33 - La connaissance de la part des différentes parties prenantes des objectifs et de leur

caractère partagé ou non ; dans quelle mesure les objectifs sont communs ou individuels.

- La reconnaissance du caractère profondément incertain et imprévisible des

circonstances et des environnements de travail, et ce malgré tous les « plans d’action » dont l’entreprise peut se munir.

- La reconnaissance de la part des dirigeants qu’ils n’ont pas réponse à tout.

- Une culture managériale basée sur le respect et permettant à chacun d’exister dans son individualité propre tout en étant ouvert aux idées des autres.

- L’idée de l’engagement mutuel ; la prise de conscience chez les individus que la confiance mutuelle se construit dans la relation à l’autre, en acceptant le risque de l’erreur, de la déception (voire parfois de la trahison), et que si l’on n’est pas prêt à accepter ce risque, la confiance disparaît.

- Le droit pour les acteurs à la faillibilité et à l’erreur, et donc la possibilité (et la capacité) à reconnaître ses propres limites sans que cela entraine une perte de confiance de la part d’autrui.

A RETENIR

Pour résumer ce chapitre, notre revue de littérature met en évidence que la confiance est un invariant de tout projet individuel ou collectif : elle sert de « ciment social », renforçant les relations et favorisant la performance. Elle peut également prendre différentes formes : de la confiance en soi ou en autrui (le Vallois, 2017), à la confiance liée au groupe d’appartenance, à la relation ou encore l’institution (Mangematin, 1999). Les définitions de la confiance en entreprise divergent, mais plusieurs auteurs sont d’accord pour dire qu’elle repose sur un cadre et des normes précis pour pouvoir ensuite se déployer à la dimension interpersonnelle.

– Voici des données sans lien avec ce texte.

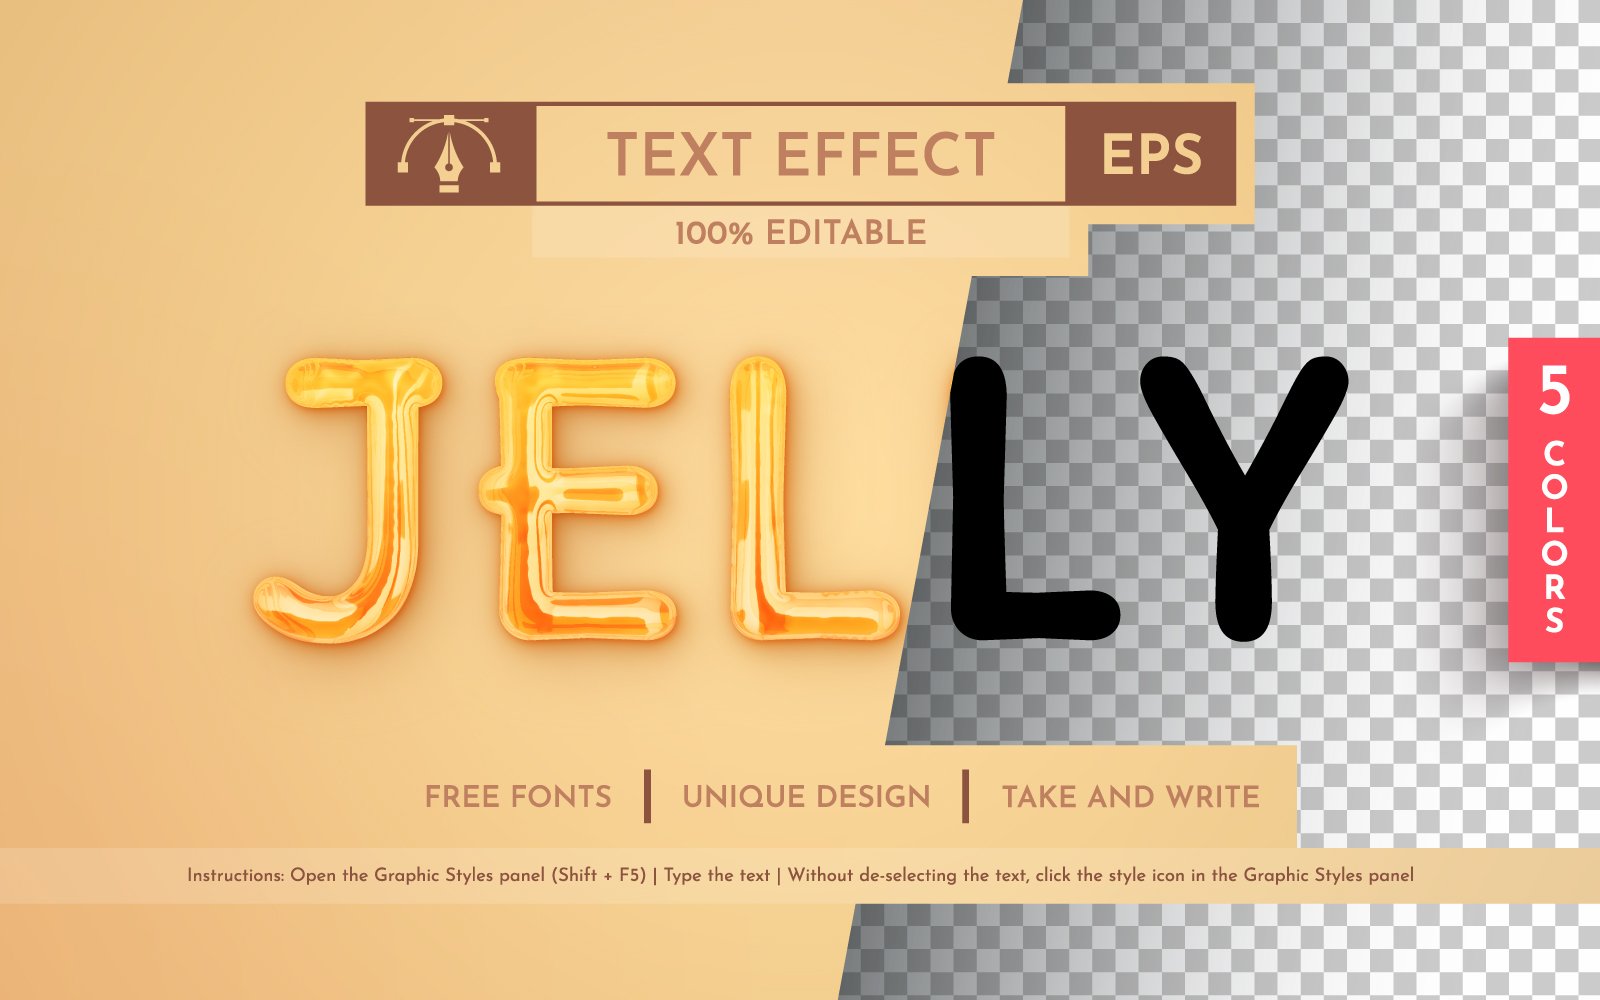 Template #405090 Text Effect Webdesign Template - Logo template Preview

Finalement et au niveau des pratiques de management, les auteurs préconisent également des

« bonnes pratiques » variées, certaines touchant à la dimension formelle (processus, définition des objectifs et des règles, conduite de projets, etc), d’autres à la dimension relationnelle au sens large (évaluation des pouvoirs en présence, communication transparente, définition et promotion des valeurs, etc).